Rhonda Walls’ tremors had gotten so bad she thought she might have to leave her job as Carmel’s University High School assistant athletic director.

The right-handed Walls has had essential tremor since her 20s, but it had gotten significantly worse the past two years.

“I was to the point I was writing with my left hand which wasn’t working out very well,” said the Zionsville resident, whose husband, John, is the University athletic director. “I shook too bad to even drink from a glass. I was at the point where I thought ‘Do I quit my job and go on disability?’ I didn’t want to do that. I’m 53 years old and hope I got a few years left.”

That all changed when Walls had a procedure by Medronic called Deep Brain Stimulation Therapy, which is used for patients with advanced Parkinson’s disease, essential tremor and cervical dystonia.

Dr. Albert Lee, a neurosurgeon with the Goodman Campbell Brain and Spine at St. Vincent Indianapolis, is one of a select group of physicians trained in the procedure. The procedure has been done for more than 25 years, but the patient had to be awake with a frame around their head.

“We didn’t have modern technology to keep the patient safe,” Lee said.

Now they do. This two-stage procedure was developed five to seven years ago.

“It’s really picked up steam every year,” Lee said. “We believe it’s going to be the dominant way this procedure is done.”

Dr. Lee became the first to perform the procedure in Indiana while the patient is asleep in 2014.

During the surgery, electrodes are implanted within the brain to deliver electrical impulses. The electrode implanted in the brain emits pulses of energy to block the abnormal activity in the brain which causes the symptoms of movement in neurological disorders.

Walls had her procedure done in March. Walls was referred by Dr. Michael Sermersheim, a neurologist with Josephson Wallack Munshower Neurology at St. Vincent.

“My quality of life has improved so much,” Walls said.

The medical device, similar to a pacemaker, is inserted to deliver electronic stimulation to precisely targeted areas of the brain to reduce some of the most disabling motor symptoms such as shaking, stiffness and movement difficulties. Lee said patients call it a GPS for their brain.

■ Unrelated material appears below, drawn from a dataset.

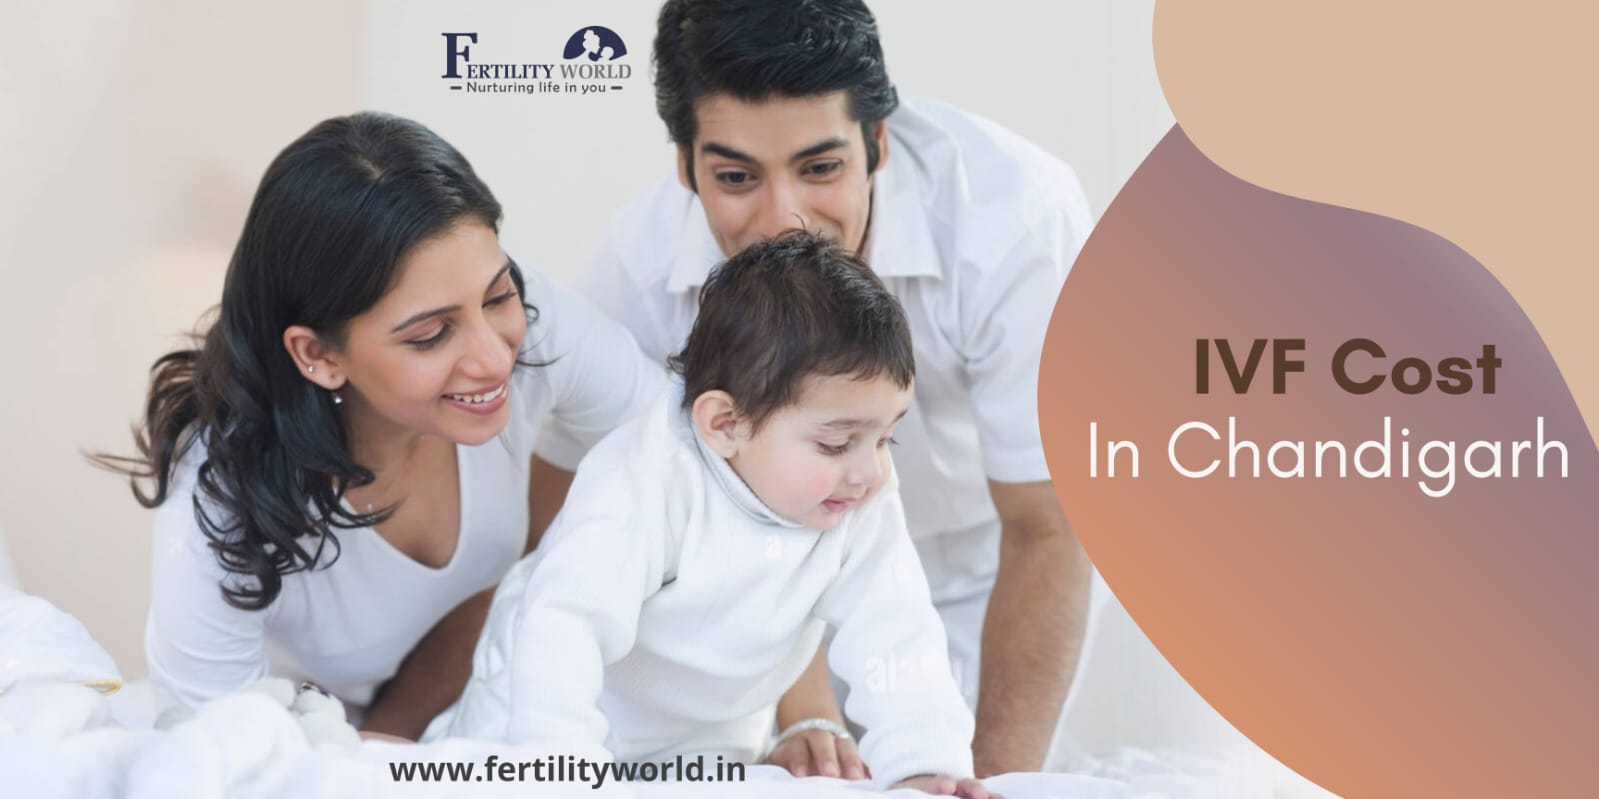 Cost of IVF in Chandigarh

Walls gets a quick reminder of what her life was like before by turning off the device for a demonstration. When she does her hands immediately shake when she goes to lift a glass. She does turn the device off when sleeping at the suggestions of the doctors.

“It sort of resets your brain and it works better,” Walls said. “It helps the battery life.”

Lee said the battery life depends on how advanced the person’s disease is and how much power needs to be delivered to treat that disease. It typically last three to four years.

Sermersheim said the deep brain surgery is effective and beneficial to so many people.

“To see the impact it has on a patient’s life is so immediately rewarding,” Sermersheim said. “It’s not like anything I experienced in anything in medicine.”

Sermersheim said when patients are given the option they always choose to be asleep.

“The risks are real, this is brain surgery and you can’t sugarcoat that fact,” Sermersheim said. “But it’s not scary and not uncomfortable and we don’t want people’s fear to keep them from having a much more fulfilling life.”